To report the status of switch rates and time-to-switch of antiretroviral therapy (ART) regimens by evaluating anchor drug classes and common switching patterns in Japanese people living with human immunodeficiency virus (HIV, PLWH). This cross-sectional cohort study extracted data of 28,089 PLWH from the National Database of Health Insurance Claims and Specific Health Checkups of Japan (NDB), which contains data representing the entire population of Japan. PLWH with first prescription records of ART administered between January 2011 and March 2019 were identified (n = 16,069). The median time-to-switch and switch rates of anchor drug classes were estimated by Kaplan-Meier analysis. Brookmeyer-Crowley and Greenwood methods were used to estimate 95% confidence intervals for switch rates and median days, respectively. Switch rates were compared between anchor drug classes by year using log-rank tests. A total of 3108 (19.3%) PLWH switched anchor drug classes from first to second regimens. Switch rates increased continuously over 8 years for non-nucleoside reverse transcriptase inhibitors (NNRTIs) (14.9-65.5%) and protease inhibitors (PIs) (13.2-67.7%), with median time-to-switch of 1826 and 1583 days, respectively. Integrase strand transfer inhibitors (INSTIs) maintained a low switch rate (3.0-7.6%), precluding median-days calculation. Overall, the majority of patients treated initially with NNRTIs and PIs switched to INSTIs regardless of switching times (< 1 year: 67.3% and 85.9%, respectively; ≥ 1 year: 95.5% and 93.6%, respectively). The foremost switching strategies for first-to-second ART regimens are from NNRTIs or PIs to INSTIs regimens that maintain low switch rates long term. There was no observable difference in trend between sex, age and status of AIDS disease at first ART regimen. INSTIs HIV agents may be the most durable anchor drug class for PLWH receiving ART.
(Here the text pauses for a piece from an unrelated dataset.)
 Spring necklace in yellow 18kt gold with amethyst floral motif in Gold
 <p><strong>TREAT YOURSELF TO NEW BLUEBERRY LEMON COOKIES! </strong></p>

为了报告抗逆转录病毒疗法 (ART) 方案转换率和转换时间的现状,我们评估了日本人类免疫缺陷病毒 (HIV,PLWH) 患者中锚定药物类别和常见转换模式。这项横断面队列研究从日本国民健康保险索赔和特定健康检查全国数据库 (NDB) 中提取了 28089 名 PLWH 的数据,该数据库包含了代表日本全部人口的数据。确定了 2011 年 1 月至 2019 年 3 月期间首次开具 ART 处方记录的 PLWH(n=16069)。通过 Kaplan-Meier 分析估计了锚定药物类别的中位时间至转换和转换率。采用 Brookmeyer-Crowley 和 Greenwood 方法分别估计转换率和中位天数的 95%置信区间。使用对数秩检验比较了不同锚定药物类别的转换率。共有 3108 名 (19.3%) PLWH 从一线方案转换为二线方案的锚定药物类别。8 年来,非核苷类逆转录酶抑制剂 (NNRTIs)(14.9-65.5%)和蛋白酶抑制剂 (PIs)(13.2-67.7%)的转换率持续增加,中位时间至转换分别为 1826 和 1583 天。整合酶链转移抑制剂 (INSTIs)的转换率保持较低 (3.0-7.6%),无法计算中位天数。总体而言,最初接受 NNRTIs 和 PIs 治疗的大多数患者都转换为 INSTIs,无论转换时间如何(<1 年:分别为 67.3%和 85.9%;≥1 年:分别为 95.5%和 93.6%)。一线 ART 方案中,从 NNRTIs 或 PIs 到 INSTIs 方案的转换策略最为常见,且长期保持低转换率。在最初的 ART 方案中,性别、年龄和艾滋病状况之间的趋势没有明显差异。INSTIs HIV 药物可能是接受 ART 的 PLWH 最持久的锚定药物类别。